Stored data:
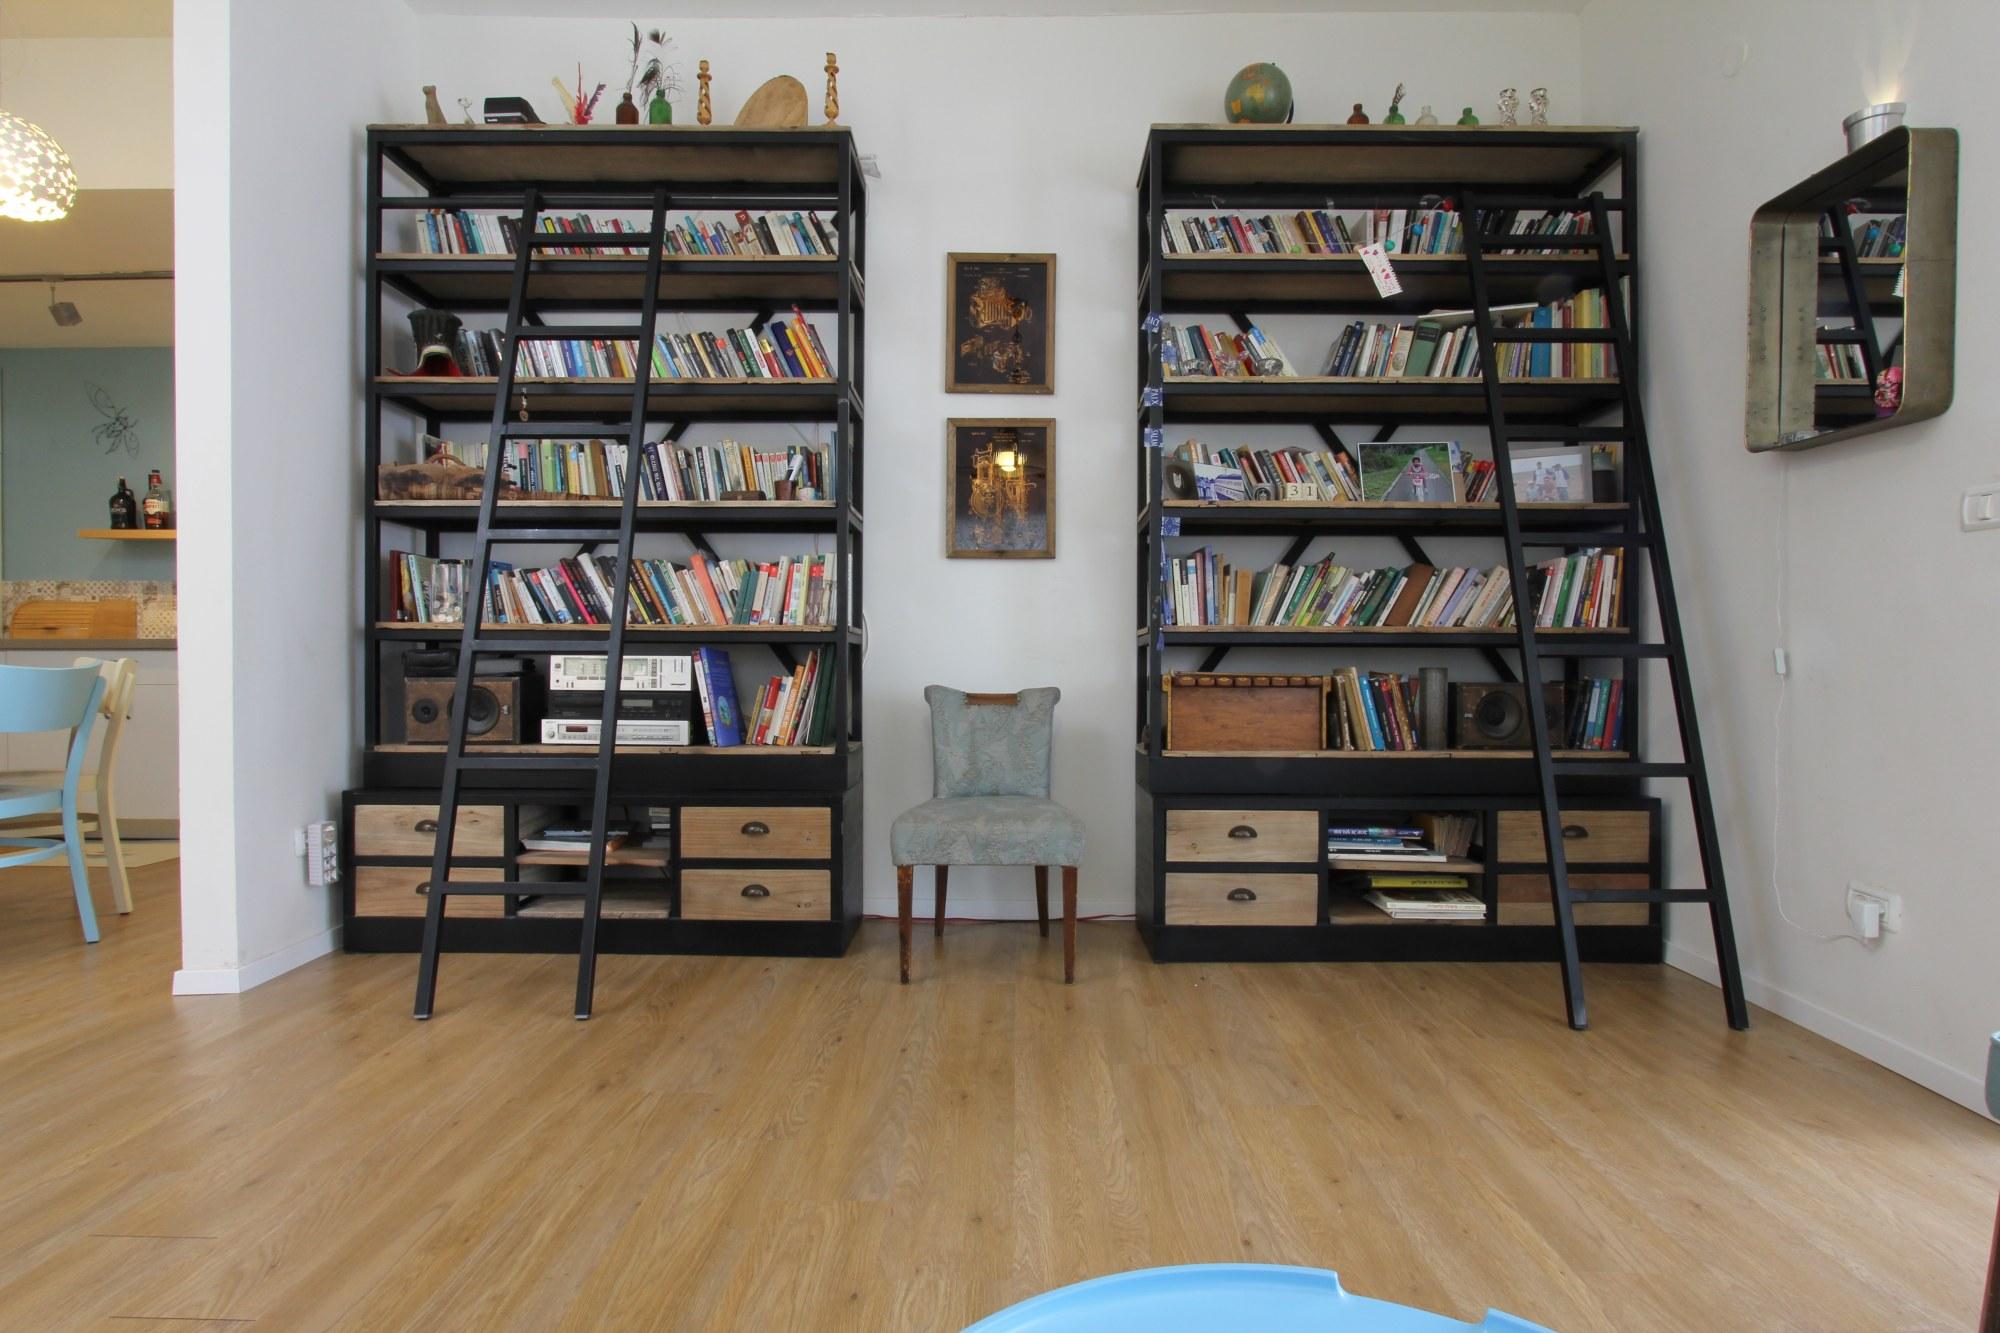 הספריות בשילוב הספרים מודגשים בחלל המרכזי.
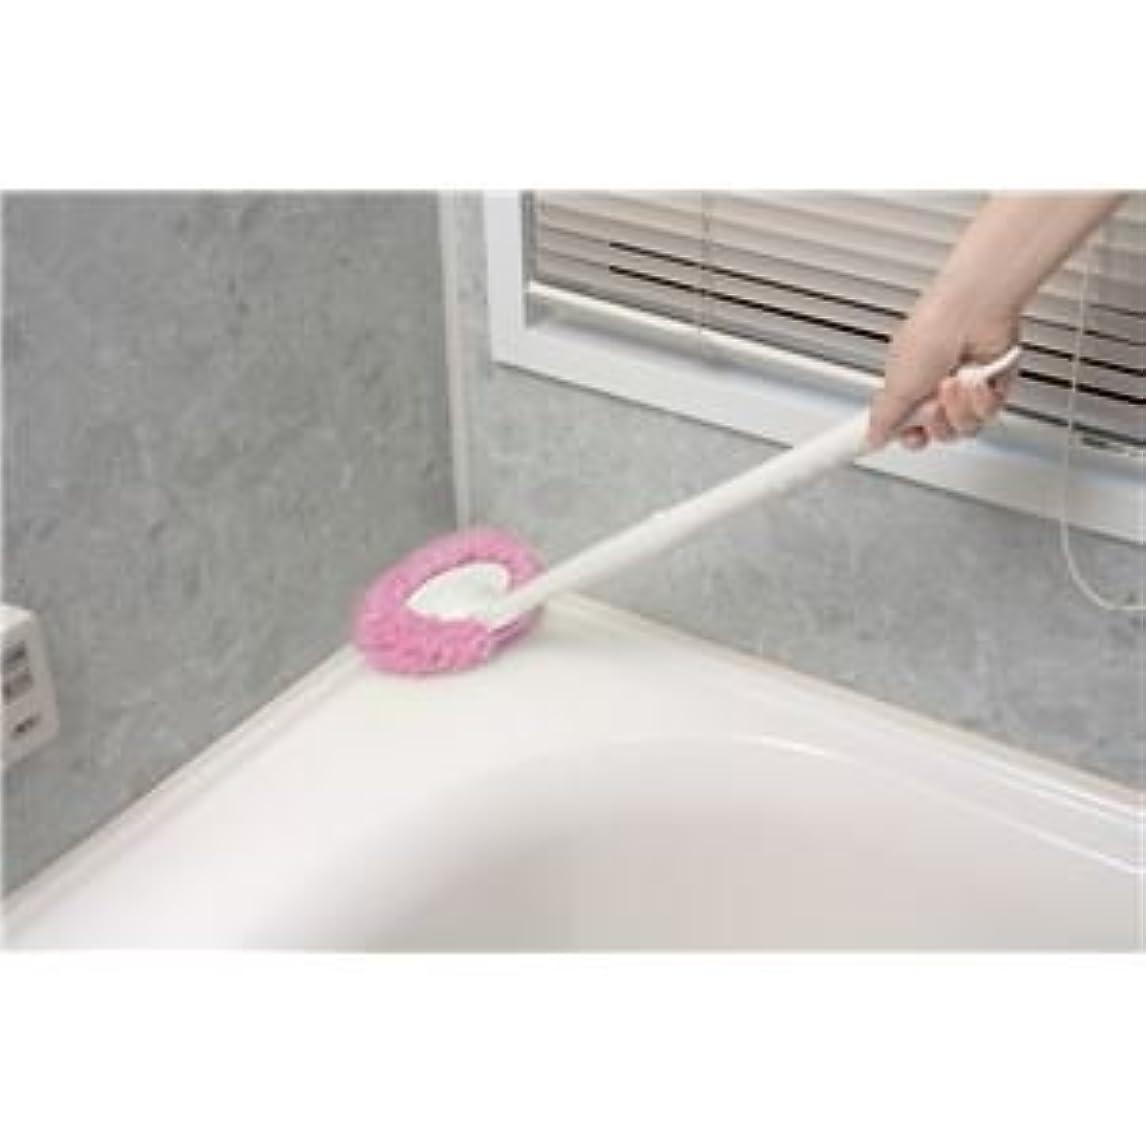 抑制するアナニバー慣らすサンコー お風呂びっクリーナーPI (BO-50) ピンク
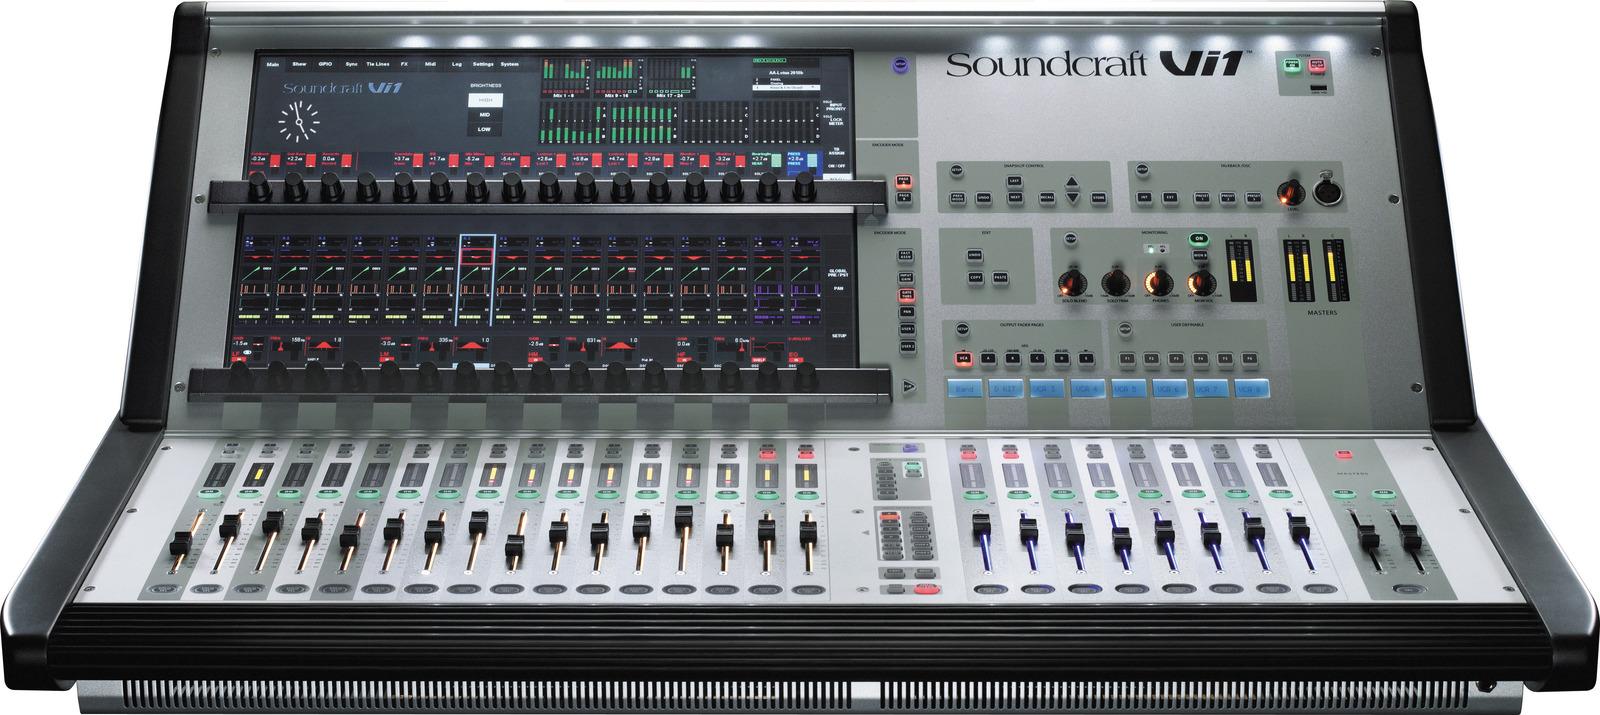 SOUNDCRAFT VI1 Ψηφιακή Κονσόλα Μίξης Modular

Directions for this task: Drop every picture from the data, then output all the rest exactly.

Written answer:
 הספריות בשילוב הספרים מודגשים בחלל המרכזי.
 抑制するアナニバー慣らすサンコー お風呂びっクリーナーPI (BO-50) ピンク
 SOUNDCRAFT VI1 Ψηφιακή Κονσόλα Μίξης Modular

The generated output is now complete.